The Ministry of Culture has launched a project that is seeking to revitalize Jewish culture in the Czech Republic. Over the next three years, 280 million crowns will be invested in the repair of 15 Jewish monuments across the country. The project, which was presented on Wednesday, also aims at opening new Jewish cultural centers. The ministry cited increasing coordination between different Jewish cultural institutions across the country and presenting the Czech Republic’s Jewish heritage as the main goal of the project.
The Ministry of Trade and Industry has put forward a proposal aimed at cutting prices of high-speed internet connections in the Czech Republic. As part of an initiative to bring the internet to more households, the ministry is seeking to lower the value added tax rate on high speed connections from the current 20 percent to 15 percent over the next five years. The proposal, which was announced on Wednesday, would need to be approved by the Ministry of Finance.
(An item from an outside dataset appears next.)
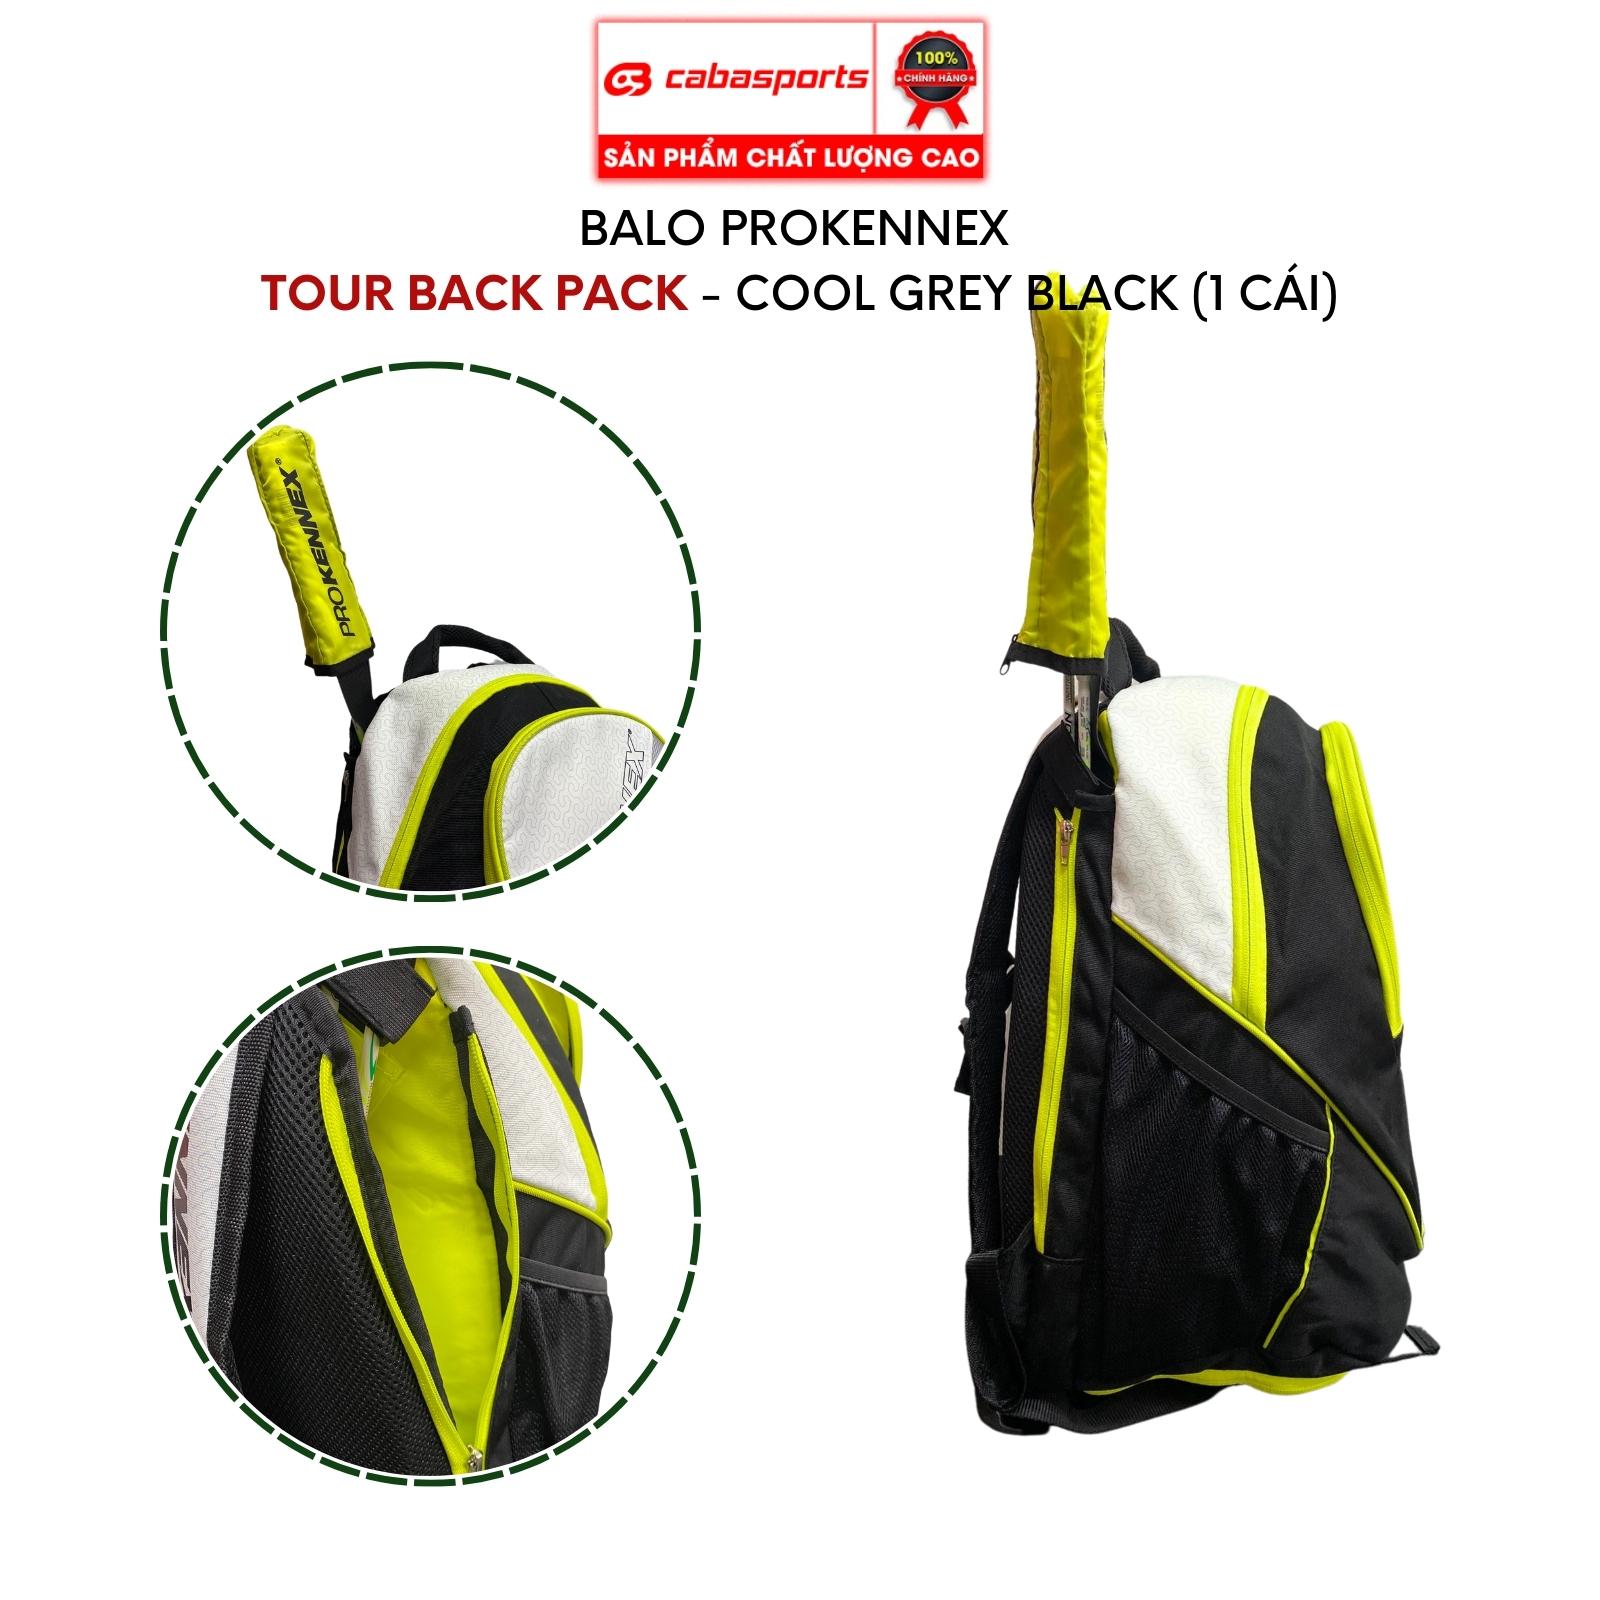 Túi thể thao Prokennex Tour Back Pack thời trang cao cấp, balo đựng vợt cầu lông tennis chất lượng chính hãng

Opponents of the measure say it would increase the state budget deficit. Roughly half of all Czech households have web connections.
In Prague and other locations in the Czech Republic, police have started enforcing strict security measures in preparation for the visit of the US and Russian presidents. The Hilton and Four Seasons hotels, where Barrack Obama and Dmitry Medvedev will be staying, will be the most closely guarded locations in the capital. Police and security experts are also inspecting relatively busy parts of the city, along with potential high risk spots such as bridges and tunnels. In the capital, 1500 police officers were on duty on Wednesday, with roughly 5000 expected to be working until the presidents have left. Outside of Prague, the police are also intensively patrolling motorways that lead to the capital for suspicious vehicles.